From Wouters et al. 2001 (R. Wouters, P. Lavens, J. Nieto, P. Sorgeloos,
2001. Penaeid shrimp broodstock nutrition: an updated review on research and
development. Aquaculture 202: 1-21):
Fresh or fresh-frozen marine organisms are used for acceptable
maturation and reproduction outputs. Often, these marine organisms are found
to give the best results when they are in a reproductive stage.

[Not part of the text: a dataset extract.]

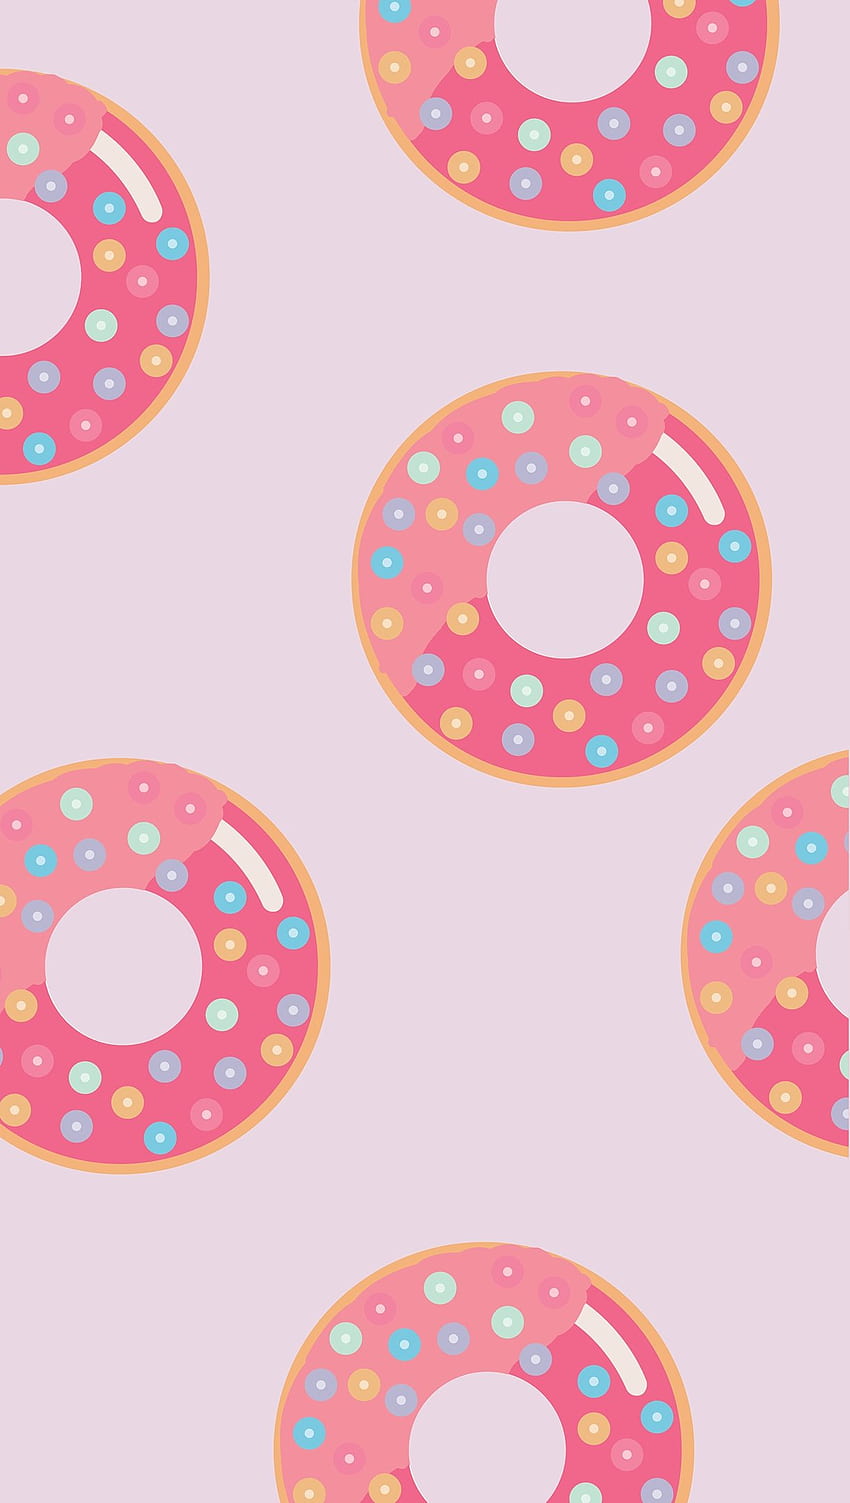 Donuts pattern Ultra HD phone wallpaper

Squid and bivalves (mussel, clam, oyster) are generally the main food
items, fed at high daily ratios. Crustaceans like shrimp, crab and krill
are also fed to shrimp spawners, but due to the risk of disease
transmission, they are used less frequently nowadays. Bloodworms (marine
polychaetes Glycera dibranchiata and Americonuphis reseii) and Artemia
biomass (ongrown Artemia) are used for diet supplementation. Bloodworm is
the most expensive ingredient used in hatcheries of the Western atmosphere,
and maturation operators feel it to be indispensable for stimulation of
ovarian maturation (Kawahigashi, 1998). Artemia biomass (usually boosted
with specific nutrients) has been reported to stimulate ovarian maturation,
increase spawn frequency and improve larval quality (Browdy et al., 1989;
Naessens et al., 1997; Wouters et al., 1999). Artemia biomass can also be
included into artificial broodstock diets as a freeze-dried meal to increase
diet ingestion and stimulate ovarian maturation (Wouters et al., 2000b). As
mentioned earlier, Middleditch et al. (1980) and Lytle et al. (1990)
attributed the success of bloodworm to its HUFA composition. On the
contrary, Luis and Ponte (1993) provide evidence that the bloodworm effect
in M. kerathurus is not related to its HUFA level, and also Naessens et al.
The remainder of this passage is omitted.